We have been working to bring at least some of the benefits of applying formalized notions of testing to the informal, incremental, development world of spreadsheets [Rothermel et al. 1998]. Our strategy was to start by developing a specific definition of what it means for a cell to be tested enough (called a "test adequacy criterion" by software engineering researchers). Using this notion to define the ideal, the system continuously communicates to users how closely they have gotten, through their testing activities, each cell to this ideal. To do this, our system treats each user "decision" about correctness to be a test, and the user communicates those decisions to the system by checking off a value whenever he or she notices that it is correct. The system tracks these tests and their implications, and also keeps track of what previous tests are undone as a result of formula edits. This approach provides feedback about testing adequacy at all stages of spreadsheet development, with the intent of helping users detect bugs in their spreadsheets. We have implemented a prototype of the approach, which is integrated with the research spreadsheet system, Forms/3 [Burnett and Gottfried 1998].

We have been working on this approach for the last couple of years, and have devised algorithms for the basic mechanisms that are compatible with the need for a high degree of responsiveness. We have also devised a visual representation of "testedness" that, in our opinion, does not require a formal background in programming or testing. We have completed some empirical work showing that the test adequacy criterion we are using does indeed reveal common bugs in spreadsheets. We are now in the middle of empirical work to learn whether, when programmers, end users, and other informal users are supported by the approach, they become more effective in their testing and in their debugging.

[Brown and Gould 1987] P. Brown and J. Gould, "Experimental Study of People Creating Spreadsheets," ACM Transactions on Office Information Systems 5, 1987, pages 258-272.

[Burnett and Gottfried 1998] M. Burnett and H. Gottfried, "Graphical Definitions: Expanding Spreadsheet Languages through Direct Manipulation and Gestures," ACM Transactions on Computer-Human Interaction 5(1), March 1998, pages 1-33.
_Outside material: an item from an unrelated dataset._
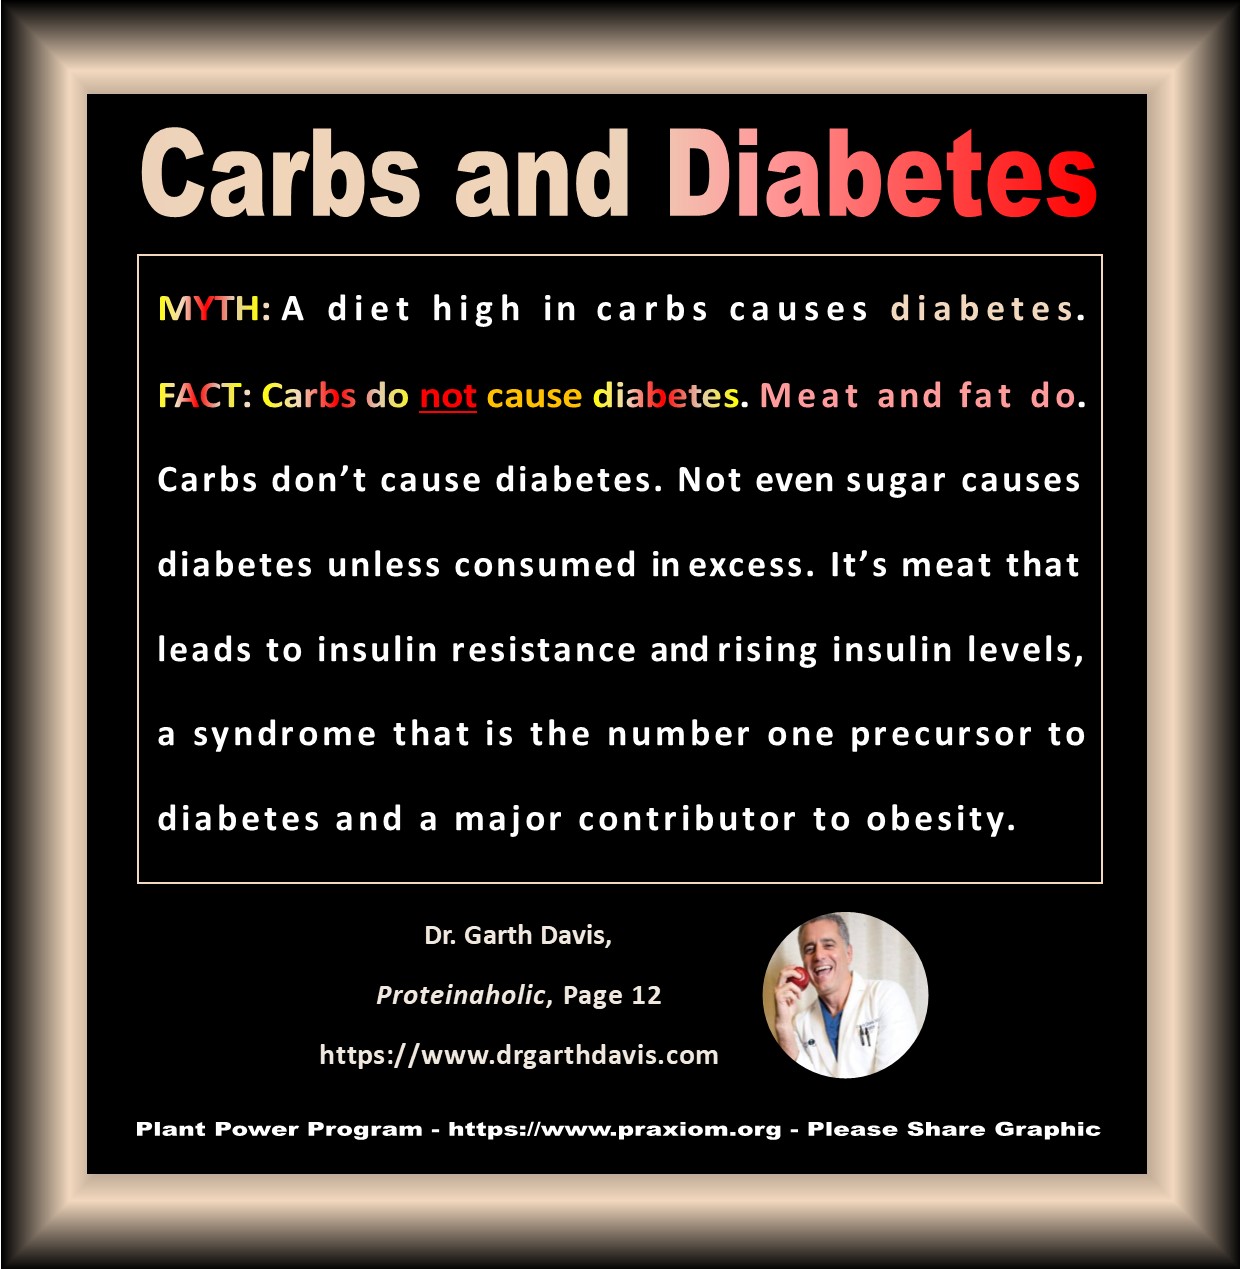 Carbs and Diabetes - Dr. Garth Davis
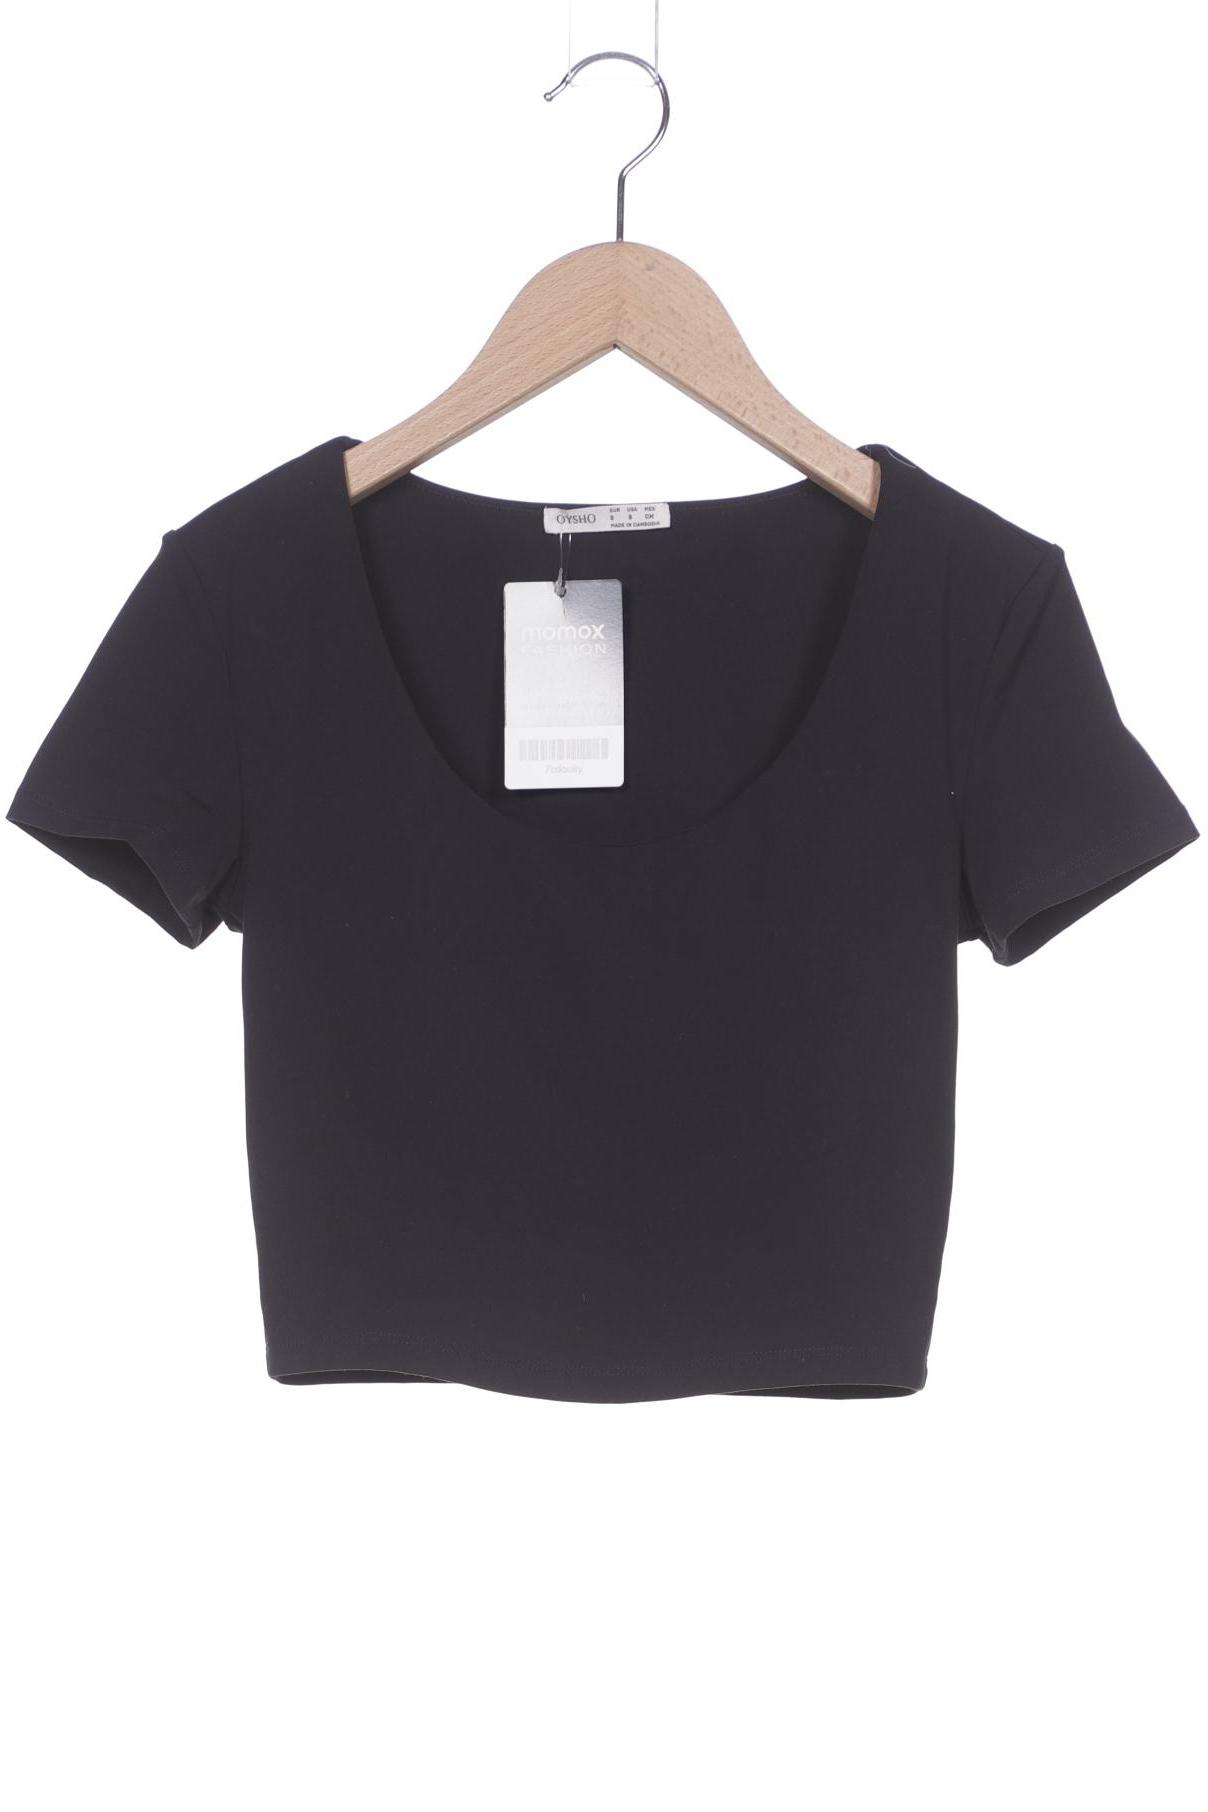 Oysho Damen T-Shirt, schwarz, Gr. 36 von Oysho

[Panko and Halverson 1996] R. Panko and R. Halverson, "Spreadsheets on Trial: A Survey of Research on Spreadsheet Risks," Hawaii International Conference on System Sciences, Maui, Hawaii, Jan. 2-5, 1996.

[Rothermel et al. 1998] G. Rothermel, L. Li, C. DuPuis, and M. Burnett, "What You See is What You Test: A Methodology For Testing Form-Based Visual Programs," International Conference on Software Engineering, April, 1998, pages 198-207.

[Teo and Tan 1997] T. Teo and M. Tan, "Quantitative and Qualitative Errors in Spreadsheet Development," Hawaii International Conference on System Sciences, Jan. 1997, pages 149-155.

[Wilcox et al. 1997] Eric Wilcox, John Atwood, Margaret Burnett, J. J. Cadiz, and Curtis Cook, "Does Continuous Visual Feedback aid Debugging in Direct-Manipulation Programming Systems?" ACM Conference on Human Factors in Computing Systems (CHIí97), March 22-27, 1997, pages 258-265.